Hans had nooit last van angst gehad, totdat op zijn éénentwintigste een dierbare op tragische wijze kwam te overlijden. Vanaf dat moment ontwikkelde Hans angstklachten. Hij was doodsbang voor de dood, en door zijn manier van leven – drukke baan, veel roken en teveel drinken – was het volgens zijn arts geen vraag óf, maar wanneer hij een hartaanval zou krijgen. Toch kwam dit zeer onverwacht, vertelt Hans. “De vrijdagavond was lange tijd mijn intensieve drinkavond. Ook die bewuste avond was ik de kroeg in geweest en had ik genoten van veel drank. Toen ik al lang en breed weer thuis was, voelde ik me een aantal uur later ineens helemaal niet goed.” Zijn vrouw Marija (58) vertelt: “Ik weet nog dat hij me ergens voor zevenen riep. We waren die nacht pas laat naar bed gegaan, dus zei ik dat hij wel een hele goede reden moest hebben om mij mijn bed uit te laten komen. Maar ik had al snel door dat er iets mis was, zeker toen ik hem kreunend en steunend op de bank zag zitten. Meteen belde ik het alarmnummer.”

Stent

De ambulance was snel aanwezig. Hans is de hele tijd bij bewustzijn gebleven, maar kon geen woord meer uitbrengen. “Ik stond vanbinnen echt in de fik, zweette alsof het vijfenveertig graden was. Ik was helemaal op. Als Marija er niet was geweest, had ik zelf absoluut niet meer kunnen ingrijpen. Dan was ik gewoon doodgegaan. Gek genoeg kan ik me herinneren dat de ambulancebroeders me zeer goed hebben geholpen. Ik weet nog dat dat vertrouwd voelde. Eenmaal onderweg naar het ziekenhuis, was de eerste gedachte die ik had: vreemd, als later eerder komt dan verwacht. Dat spookte door mijn hoofd.” Niet lang daarna arriveerde Hans in het ziekenhuis, waar een groot hartinfarct werd geconstateerd. Er werd meteen een levensreddende stent geplaatst. “Heel gek vond ik het dat ik tijdens de ingreep bij bewustzijn moest blijven en de artsen me allerlei dingen vroegen.
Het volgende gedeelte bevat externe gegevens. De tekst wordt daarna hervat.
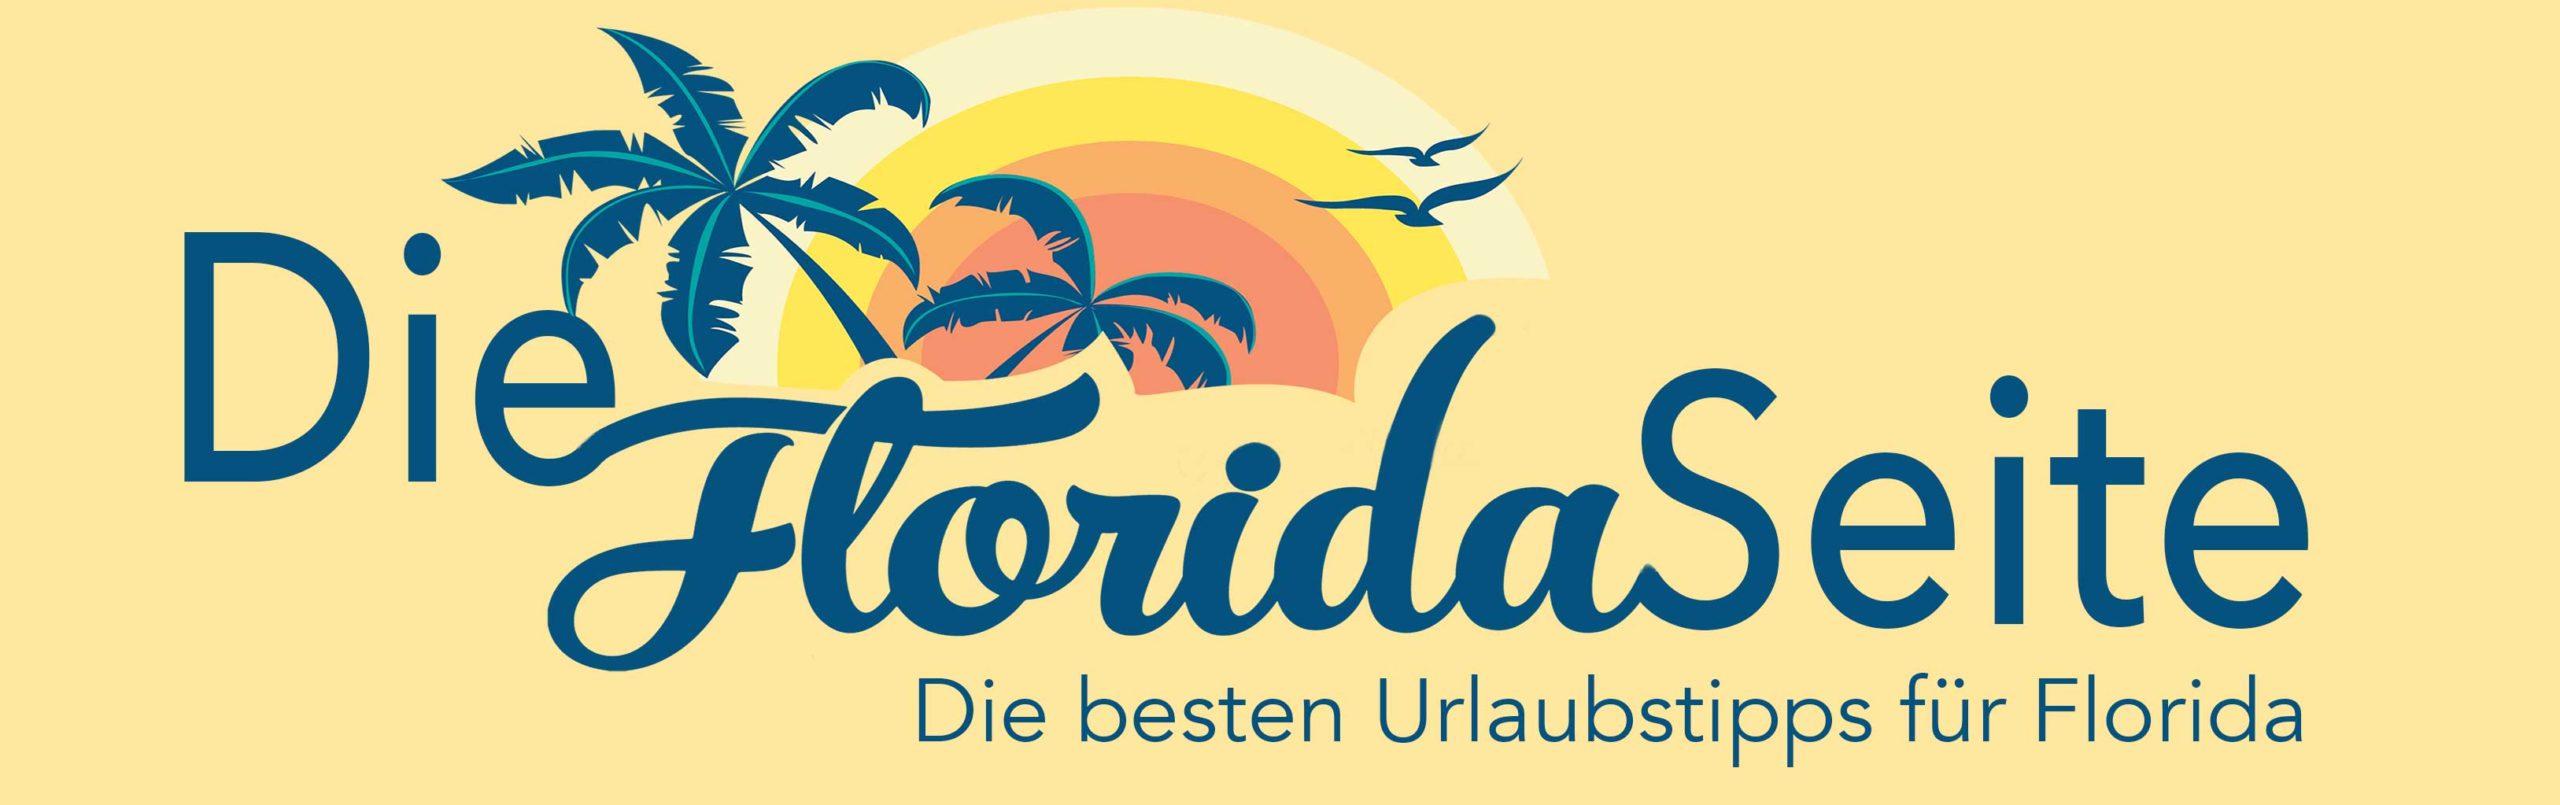 Urlaubstipps Florida

Het deed overigens absoluut geen pijn, terwijl ik daar wél altijd erg bang voor was geweest.”

Niemandsland

Drie dagen later mocht hij naar huis. Daar begon alles eigenlijk pas. Zijn hartaanval was voor hem een kantelpunt in zijn leven, zegt hij. “Ik besef me heel goed dat ik er een leven bij heb gekregen. Een leven dat echt heel anders is, dat totaal niet te vergelijken is met hoe het hiervoor was. Bij alle foto’s die ik nu zie, denk ik: was dit ervoor of erna?” Marija beaamt dit. “Hans werd een andere man. Alle vanzelfsprekendheden waren in één klap weg. Het kunnen doen wat hij wilde, het succes van zijn werk in de reclame, de borrels… Alles. Hij was zelfstandig ondernemer en is in één keer vervroegd met pensioen gegaan. Daarmee is ook een stuk identiteit verdwenen. Hij had ineens een diëtist, mensen die op hem letten. Het zorgeloze was weg. Dat maakte hem natuurlijk ook verdrietig. Ikzelf vond het moeilijk om hem te zien lijden, om te zien dat hij zich lange tijd in niemandsland bevond. Daarnaast vond ik het een hele periode doodeng om weg te gaan. Kon ik hem wel alleen laten? Ging dat wel goed? Dan overviel me een enorme paniek, was ik bang voor herhaling. Dat kostte echt tijd.”

Roken

Eén van de grootste veranderingen in Hans’ leven, is het feit dat hij niet meer rookt. Veertig jaar lang rookte hij namelijk zo’n drie pakjes per dag. “Er was eigenlijk niemand die na mijn hartaanval zei: goh, uitgerekend jij. Nee, niemand. Ik kan me nog steeds nauwelijks voorstellen hoe ongenadig mijn leven is veranderd door alleen al te stoppen met roken. Ik vloog bijvoorbeeld niet meer, want dan moest ik te lang zonder roken en dat hield ik niet vol. En als Marija en ik uit eten gingen, was roken het enige waaraan ik kon denken. Toch heb ik sinds mijn ingreep nooit meer een trekje van een sigaret genomen.” Marija vult aan: “Hans heeft wel geprobeerd te minderen, maar dan deed hij niets anders dan zijn gerookte sigaretten tellen. Alles was voor hem gekoppeld aan roken. Op de hartbewaking mocht hij sowieso niet roken, dus die afkickdagen kreeg hij al gratis. Die lijn heeft hij doorgezet. Al heeft het wel een jaar geduurd, hoor. Het was echt niet makkelijk.”

Nieuwe invulling

Ook drinken doet Hans nauwelijks meer. Andere dingen heeft hij juist weer opgepakt. Zo is hij twintig jaar geleden gestopt met voetballen, omdat hij dat niet meer durfde. Nu staat hij weer twee keer in de week fanatiek te voetballen. Zijn leven lijkt niet meer op dat van vroeger, maar toch zou Hans niet meer willen ruilen. “Natuurlijk zit ik af en toe weleens te mopperen, maar ik heb er van alles voor teruggekregen. Ik voel me bevoorrecht dat ik weer kan voetballen. Dat ik mijn rol als opa een stuk beter aankan dan ik waarschijnlijk had gekund als ik nog leefde zoals ik leefde. Daarnaast ben ik drie jaar na mijn hartaanval muzikant geworden. Ik heb op podia gestaan en zelfs twee cd’s uitgebracht. Op één van die cd’s staat het liedje: Als Later Eerder Komt. Als je dat jaren terug tegen me had gezegd… Ik doe nu dingen die ik nooit eerder heb gedaan en waarvan ik ook nooit had verwacht ze te gaan doen. Dat is toch geweldig?”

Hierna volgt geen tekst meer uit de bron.